In these troubled times for charities ans social enterprises, you might be asked by your CEO to give the thumbs up (or down) to a merger, a takeover of a smaller charity or acquisition by a much larger entity – for shorthand, an ‘M&A’.   As few of us see these every day we offer this checklist to help you arrive at your verdict

Your starting point must always be to ask why. What’s the strategic logic? Or, to put it another way, ‘how might 1 + 1 = 17?’  

Most M&A propositions are justified on one of three grounds

New capabilities. Here the M&A delivers pooled skills and resources to create higher-impact.  The mergers of CoderDojo and Code Club with the Raspberrypi Foundation were such examples, enabling Raspberrypi to achieve global reach in its network of coding clubs and providing a new distribution channel to complement its content creation capability.

Bigger market-share This is about growing a bigger beast that outscales it’s competitors and strengthens it’s hand.  The merger of Speaking Up and Advocacy Partners to create VoiceAbility put the #2 and #3 together to create a new #1 in the marketplace. This meant a more powerful entity, able to be bolder and more demanding in relation to commissioners.

So, does M&A significantly boost your capabilities, increase your market share or defend your position? We say significantly because the hassle and opportunity costs of merger, whether large or small, are always high (and often much higher than expected).  Or in other words, can 1 + 1 make 17? 

Survival This is a common ground in the third sector.  The balance sheet of the stronger party can stabilise the weaker, which is often running out of cash.  Condensing two sets of costs into one makes business sense, whilst a consolidation of assets preserves social mission.

Is the Third Sector Different?

Your second consideration should be the people.  In the business world, M&A is the norm. Company A buys Company B. The owners of Company B get some money and maybe a CEO job in Company A (though probably not). Company A then invests time and energy in Company B in pursuit of a return on the purchase-price.  The third sector isn’t so straightforward.  Money doesn’t change hands between owners, so the terms of the transaction matter more.

In our experience, the biggest obstacles to M&A in the third         sector are senior employees or trustees on one (or both) sides.  

For them, the merger can be a threat either to their income, role or status.  However, because such issues are not supposed to be part of due diligence they often don’t get talked about properly.

This is a mistake. The key to successful third sector M&A is to treat it like a commercial transaction.  There needs to be a proper deal for the main people involved – the CEOs, SMTs and Trustees – around jobs, money and continuing roles. Without acknowledging this, you end up in an M&A conversation that dodges some of the potential deal-stoppers like ‘who is CEO and Chair?’ or ‘what will be the name?’.

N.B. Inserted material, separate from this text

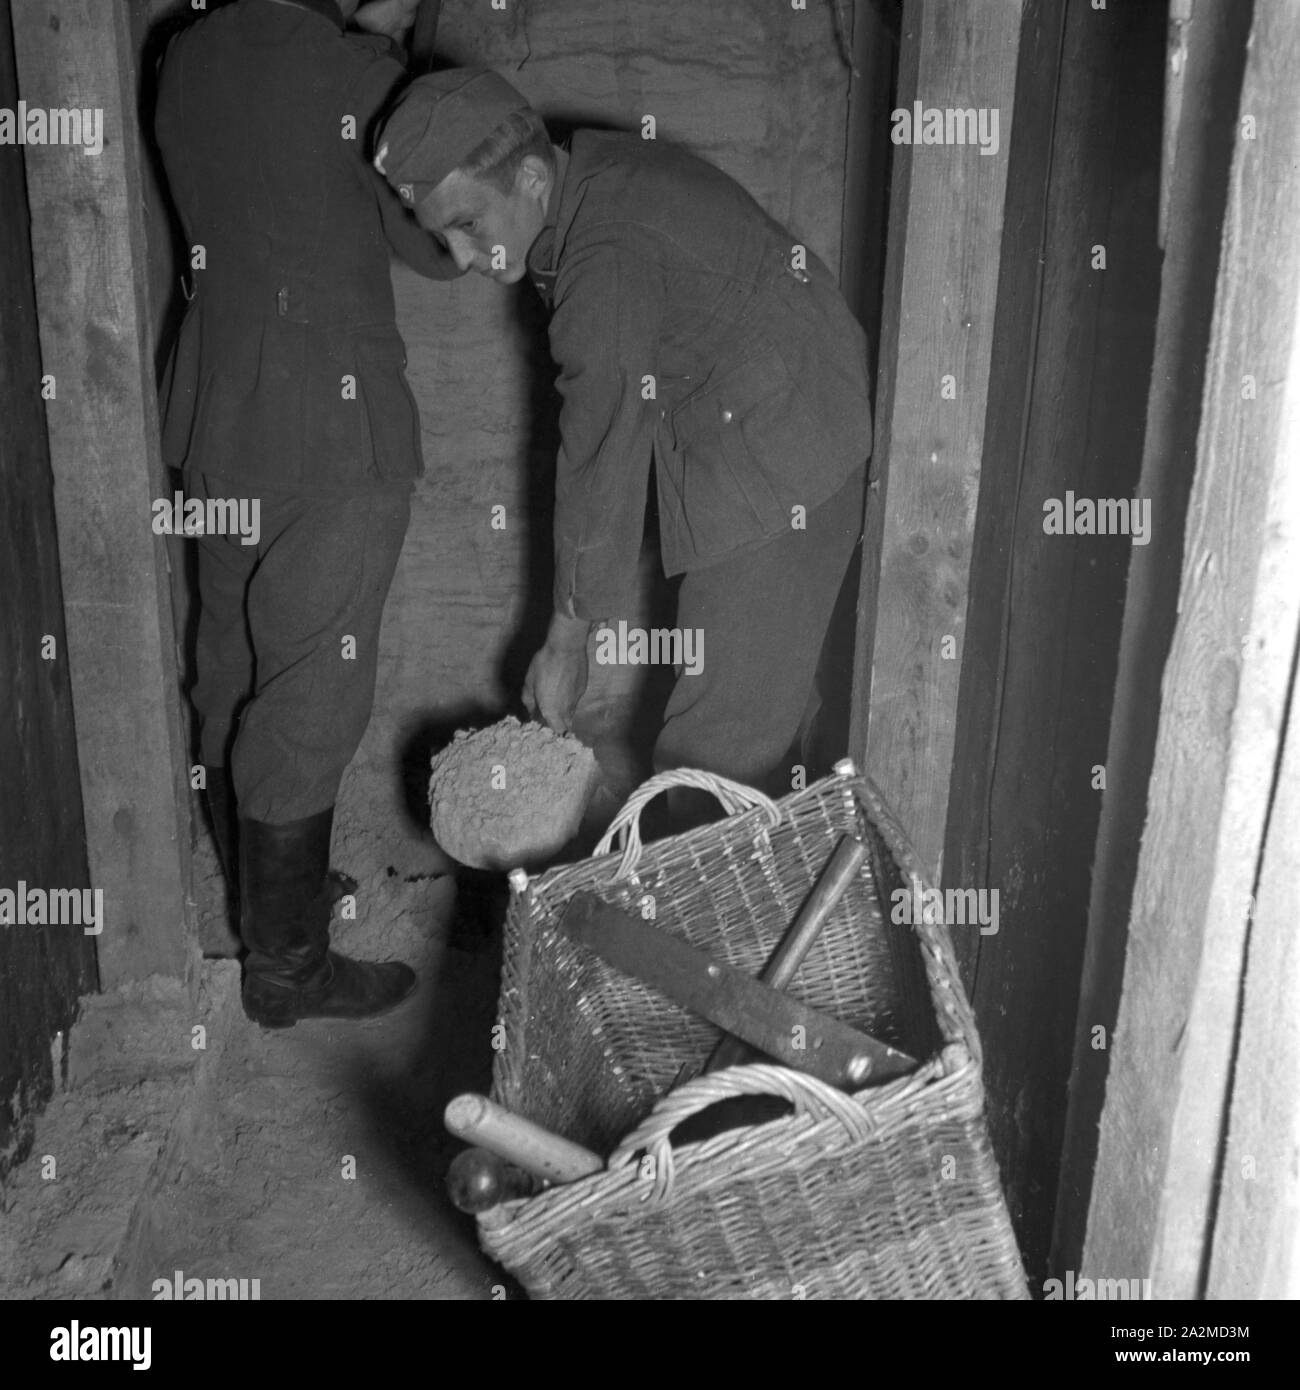 Original-Bildunterschrift: Pionier in einem unterirdischen Stollen beim Minieren, Deutschland 1940er Jahre. Soldiers of military engineering mining in a subterranean tunnel, Germany 1940s. Stock Photo
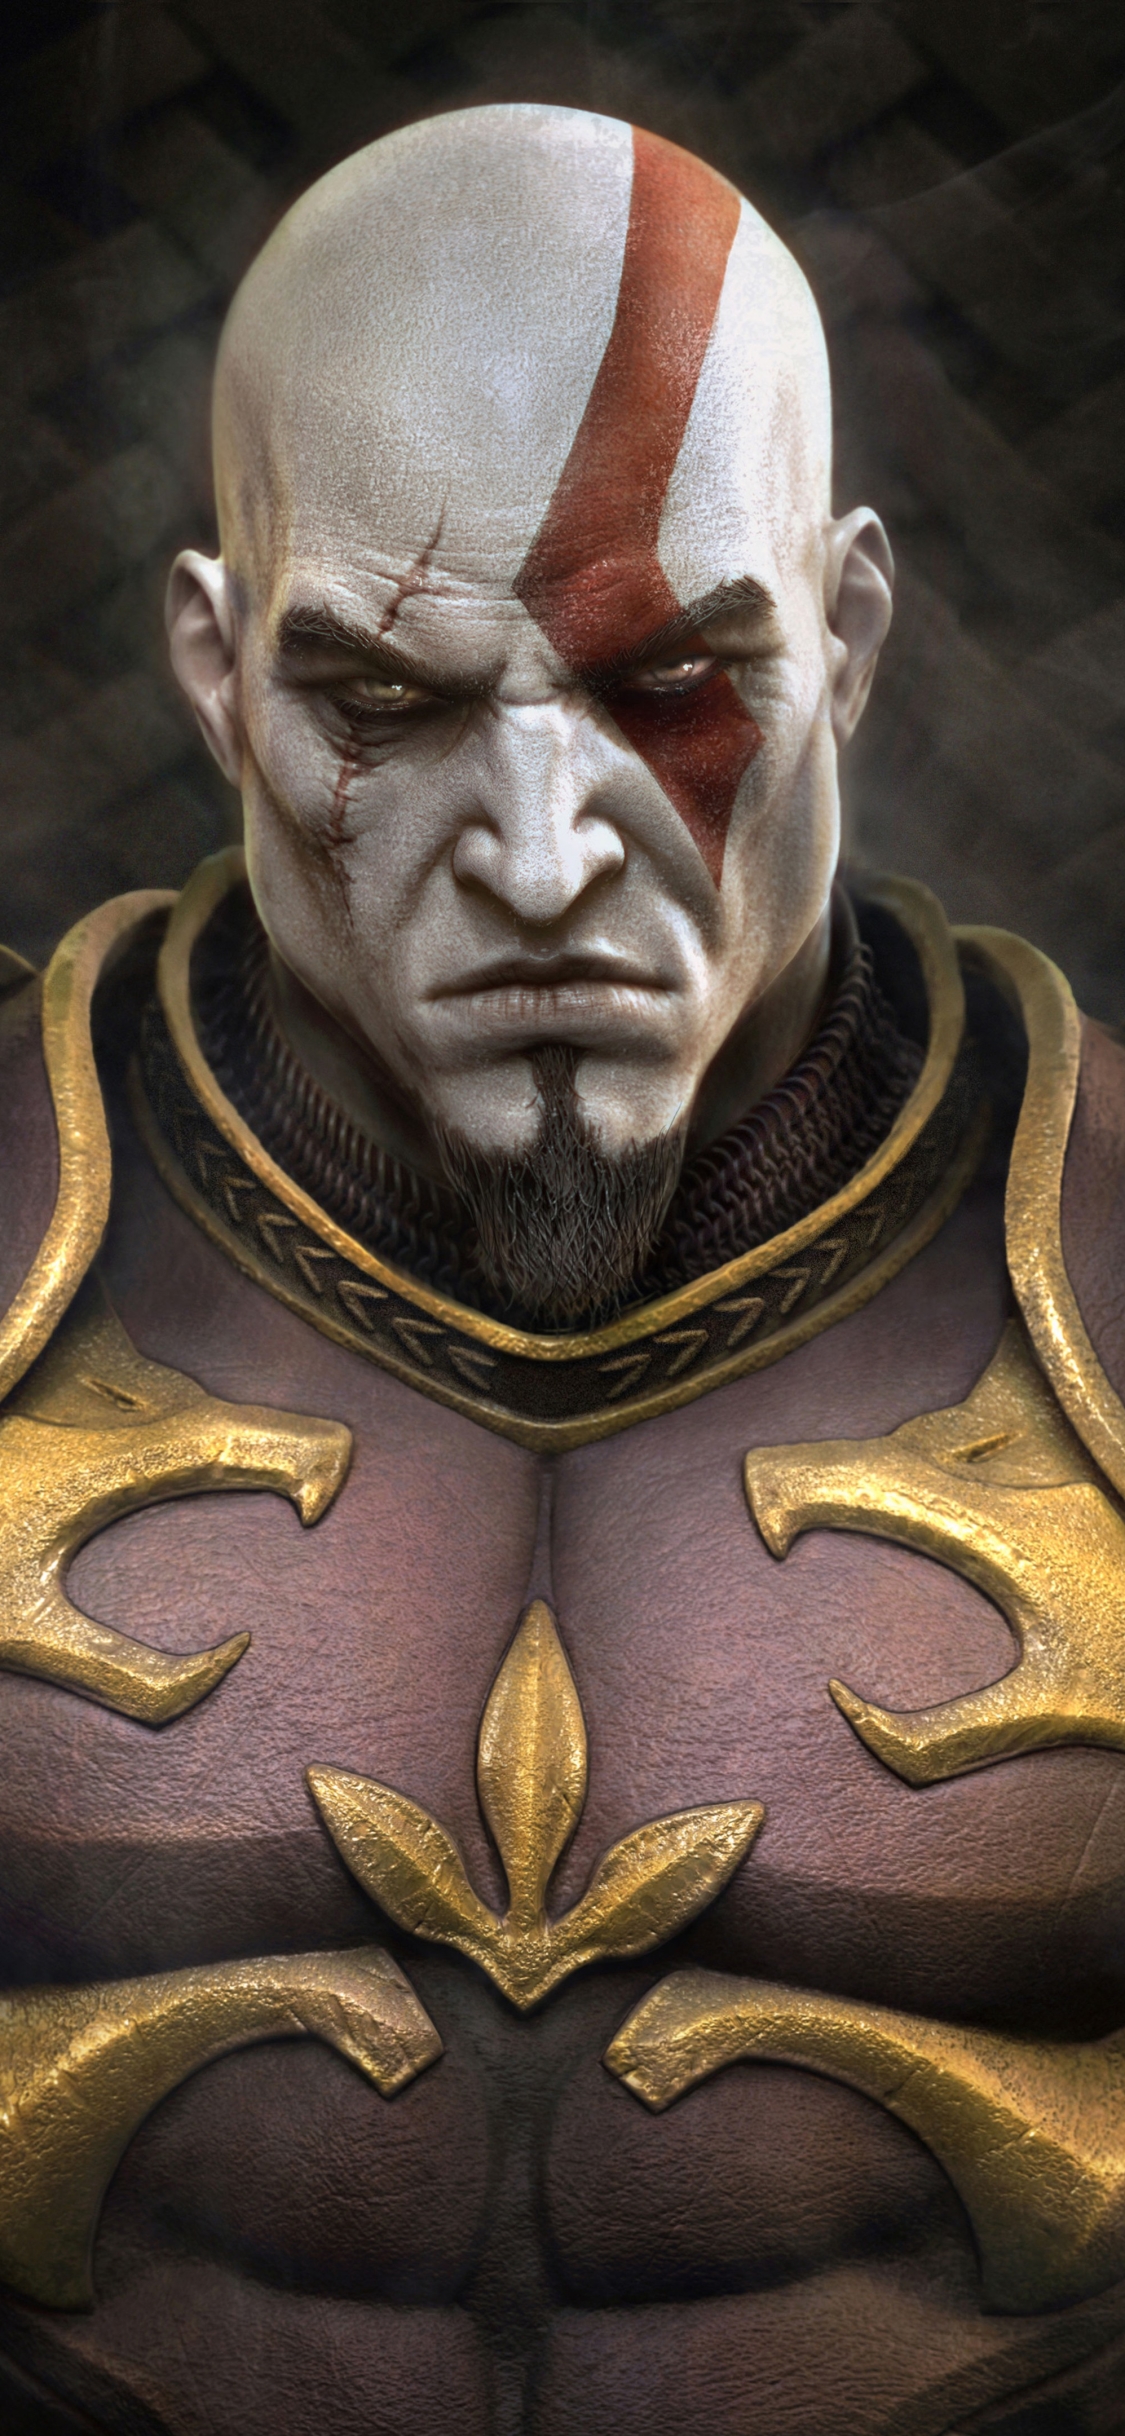 god of war ii, video game, kratos (god of war), spartan, god of war images

In the merger of Speaking Up and Advocacy Partners there was a deal: the CEO of Speaking Up (Craig Dearden-Phillips) was to stand down and would be compensated.  There was to be a new name.  The new Board would have a chair from Speaking Up.  The senior team would be picked on merit from across the two organisations. Without this the deal may not have flown.   

Success in M&A

Your third consideration should be your integration strategy.  There is a boring statistic that 80% of mergers fail.  It would be more accurate to say that M&A is almost guaranteed to fail if two organisations are not effectively integrated post-merger. 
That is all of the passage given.